The BBC as well as New Zealand and Australian television news-networks have covered the racially motivated killing campaign Africans are conducting against the Afrikaner farmers of South Africa. Not Kyra and her colleagues at Fox, MSNBC, ABC, and CBS. No wonder, then, that the orchestrated ethnocide against the entire Afrikaner people has not been brought out into the open, as they like to say on CNN.
Ethnocide, as defined by Michael Mann, a leading historical sociologist, is “state-induced cultural assimilation, through hegemony and suppression.” The warmed-over Marxists governing South Africa with the West’s blessing are leading the charge against the country’s Afrikaner past, patriotism, and institutions.
Afrikaans, in particular, has come under the ANC’s attack, as the government attempts to compel Afrikaans schools to adopt English. Afrikaans-speaking universities, for example, have been labeled racist in the New South Africa and have been forced to merge with “third-rate black institutions so that campuses may be swamped by blacks demanding instruction in English,” to quote the Afrikaner intellectual, Dan Roodt.
The ANC’s attempts to tame and claim South-African history have been extended to landmarks in the annals of the founding people—these are being slowly erased, as demonstrated by the ANC’s decision to give an African name to Potchefstroom, a town founded in 1838 by the “Voortrekkers” (Dutch pioneers). The leader of those pioneers, Marthinus Pretorius, founded the capital, Pretoria. It is now Tshwane! Durban’s Moore Road (after Sir John Moore, the hero of the Battle of Corunna) is Che Guevara Road; Kensington Drive, Fidel Castro Drive. The cherry on the cake is Yasser Arafat highway, down which the motorist can speed on the way to the Durban airport.

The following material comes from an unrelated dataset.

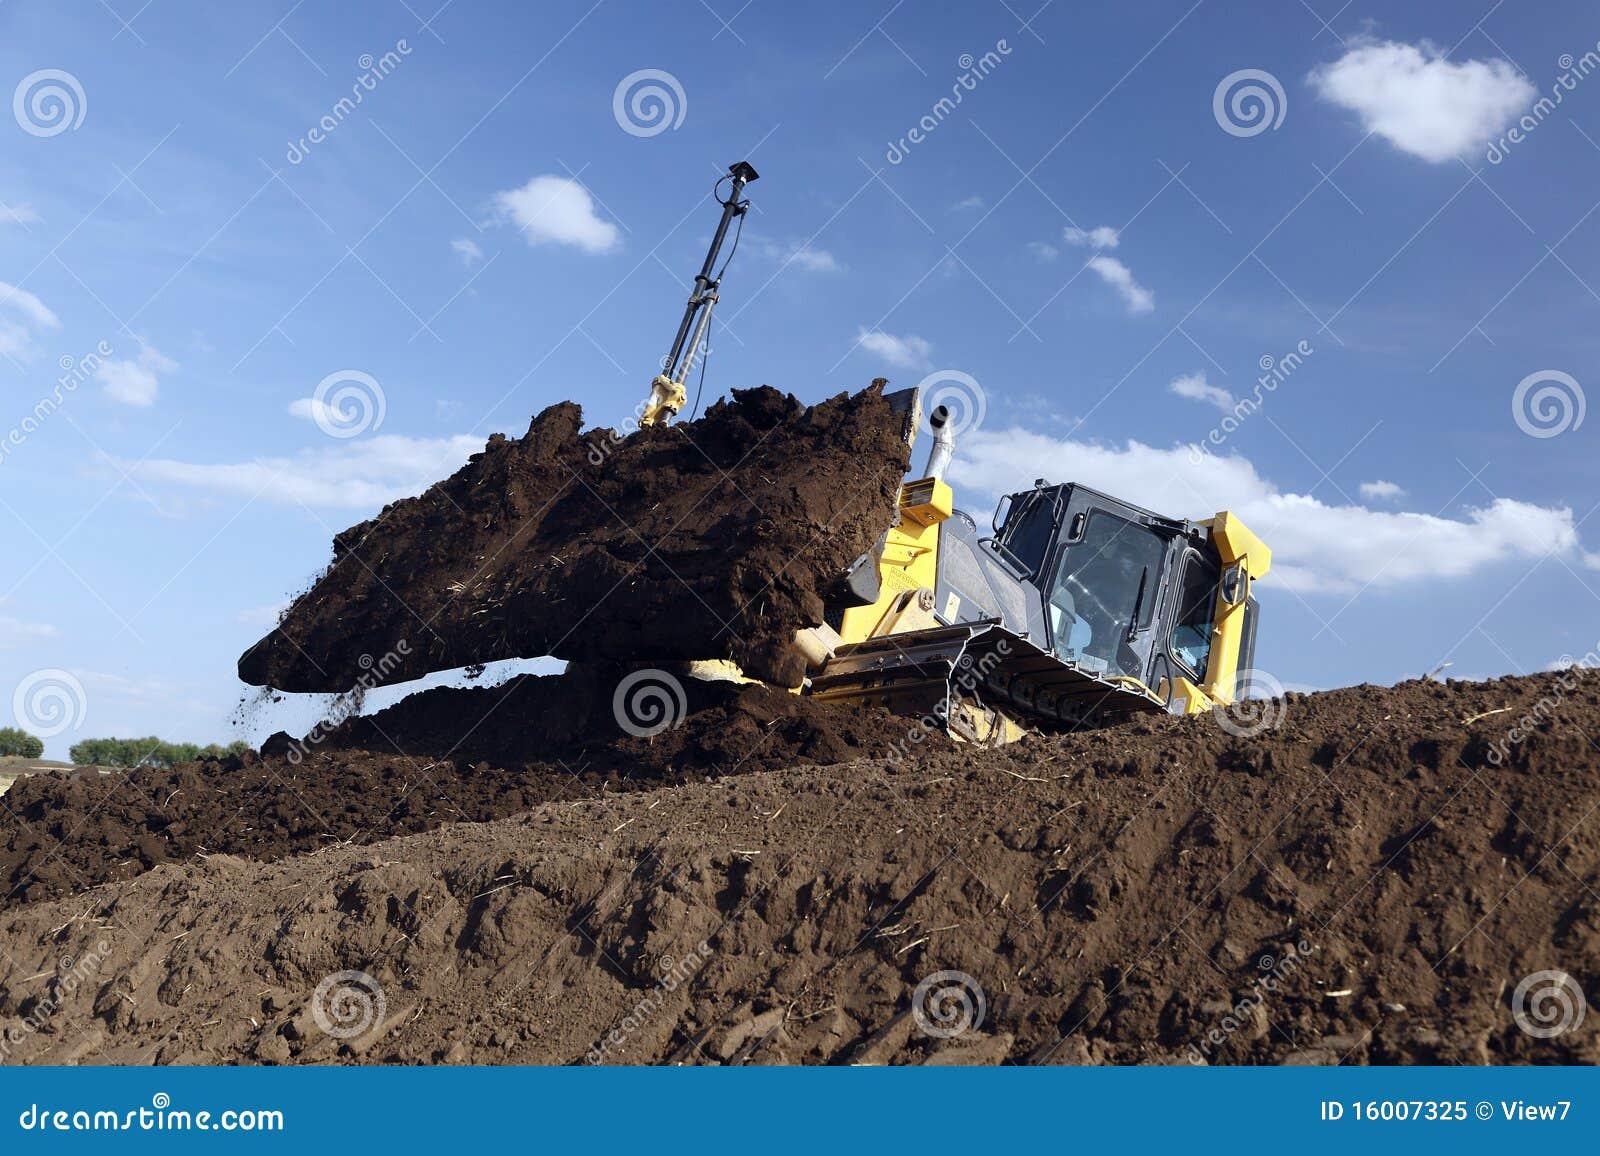 Bulldozer moving dirt

As a subject in the school curriculum, history was initially neglected during the transition to majority rule. The establishment of the “South African History Project” changed that. The Project’s aim, according to Sasha Polakow-Suransky of the Chronicle of Higher Education, has been “a resurrection of the subject as a prominent field of study in the national school curriculum.” Unfortunately, following the American academy’s example, the trend has been away from “the pursuit of objective historical truth,” toward a postmodern, politically correct reconstruction of historical events, with the aim of fostering “certain values,” in the words of Kader Asmal, the minister of education in 2000.
“You have books appearing that interpret the history of South Africa only according to the perspective of the liberation struggle,” avers Pieter Kapp, a retired professor of history at Stellenbosch University. Indeed, “Since 1994, tales of European conquest are slowly beginning to disappear from the nation’s classrooms, giving way to epic accounts of black anti-apartheid heroes,” writes Polakow-Suransky.
Like it or not, the modern marvel that was South Africa—with its space program and skyscrapers—was not the handiwork of the black nationalist movement now dismantling it; but the creation of those persecuted, pale, patriarchal Protestants.